Only for docx, I compiled instructions for multiple places here: https://gist.github.com/nachocab/6429893
# download docx2txt by Sandeep Kumar
wget -O docx2txt.pl http://www.cs.indiana.edu/~kinzler/home/binp/docx2txt
# make a wrapper
echo '#!/bin/bash
docx2txt.pl $1 -' > docx2txt
chmod +x docx2txt
# make sure docx2txt.pl and docx2txt are your current PATH. Here's a guide
http://shapeshed.com/using_custom_shell_scripts_on_osx_or_linux/
mv docx2txt docx2txt.pl ~/bin/
# set .gitattributes (unfortunately I don't this can't be set by default, you have to create it for every project)
echo "*.docx diff=word" > .git/info/attributes
# add the following to ~/.gitconfig
[diff "word"]
binary = true
textconv = docx2txt
# add a new alias
[alias]
wdiff = diff --color-words
# try it
git init
# create my_file.docx, add some content
git add my_file.docx
git commit -m "Initial commit"
# change something in my_file.docx
git wdiff my_file.docx
# awesome!
It works great on OSX
If you happen to use a Mac, I wrote a git merge driver that can use Microsoft Word and tracked changes to merge and show conflicts between any file types Word can read & write.
http://github.com/jasmas/wordMerge
I say 'if you happen to use a Mac' because the driver I wrote uses AppleScript, primarily to accomplish this task.
It'd be nice to add a vbscript version to the project, but at the moment I don't have a Windows environment for testing.
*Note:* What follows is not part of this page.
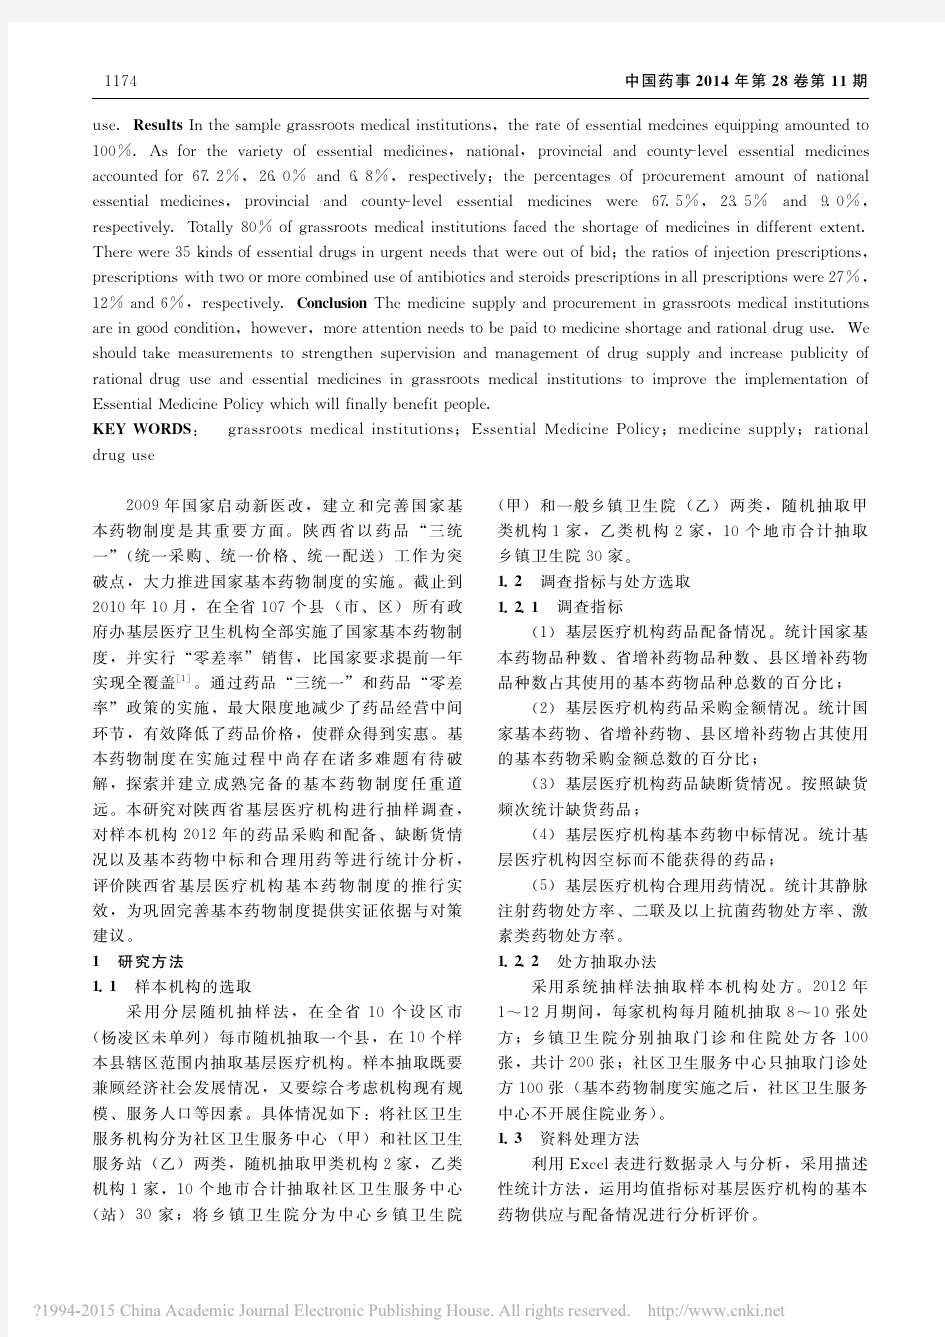 陕西省基层医疗卫生机构基本药物制度实施效果评估研究_武丽娜
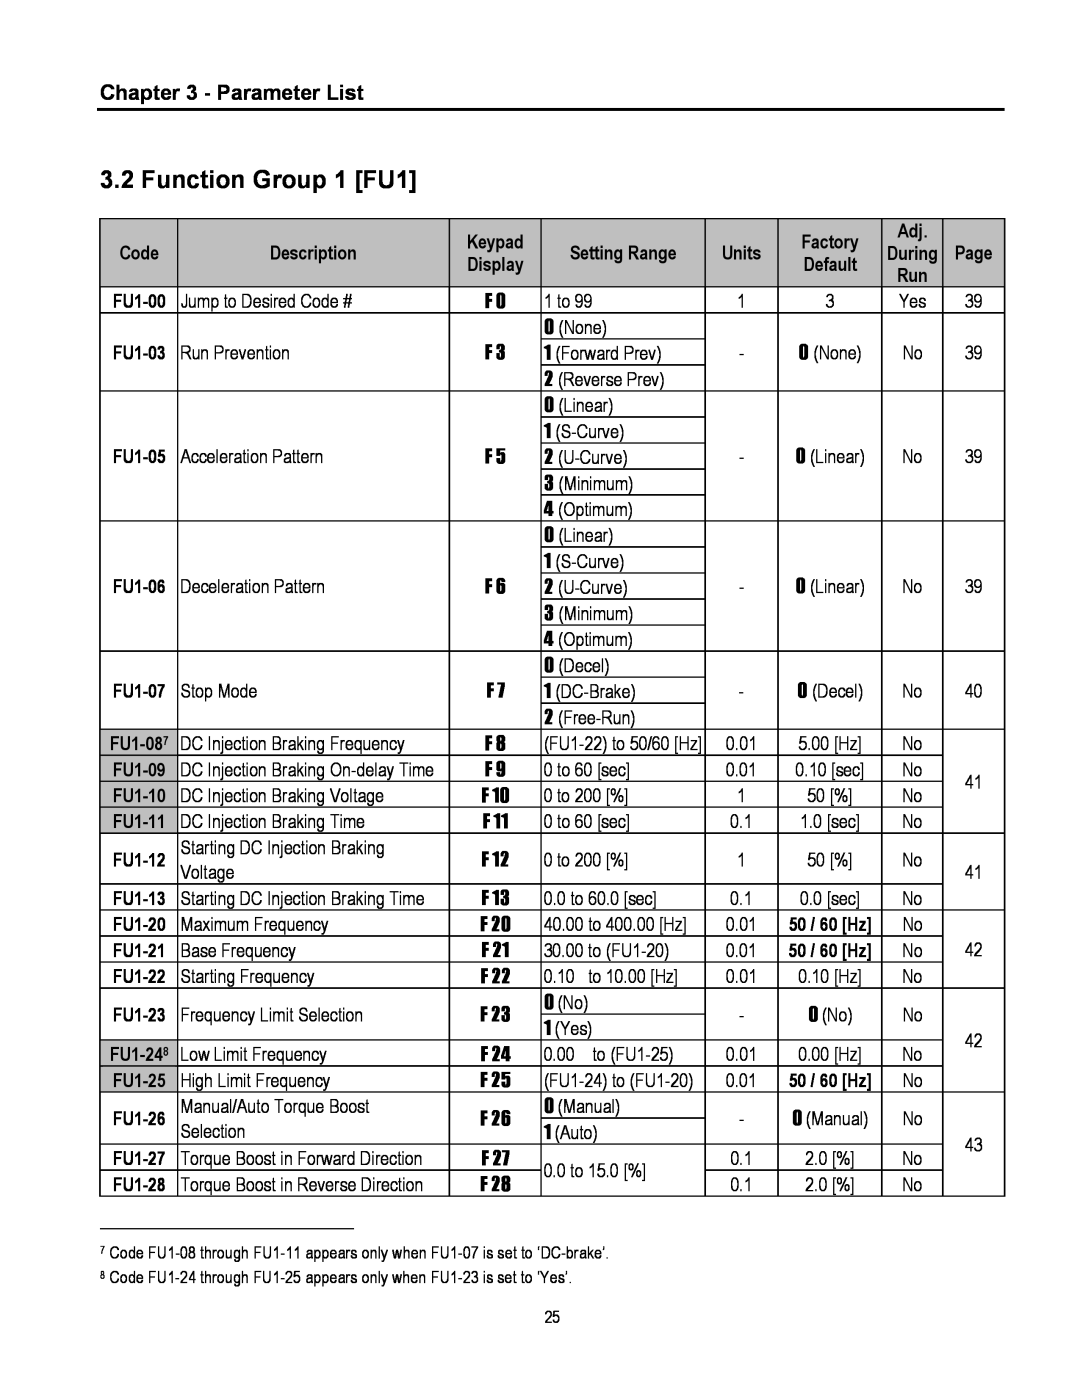 Cleveland Range inverter manual Function Group 1 FU1, Parameter List

Anyone with some basic scripting knowledge should be able to take a look at what I'm doing and duplicate it in vbscript, powershell or whatever on Windows.
I used SVN (yes, in 2020 :-)) with TortoiseSVN on Windows. It has a built-in function to compare DOCX files (it opens Microsoft Word in a mode where your screen is divided into four parts: the file after the changes, before the changes, with changes highlighted and a list of changes). Screenshot below (sorry for the Polish version of MS Word). I also checked TortoiseGIT and it also has this functionality. I've read that TortoiseHG has it as well.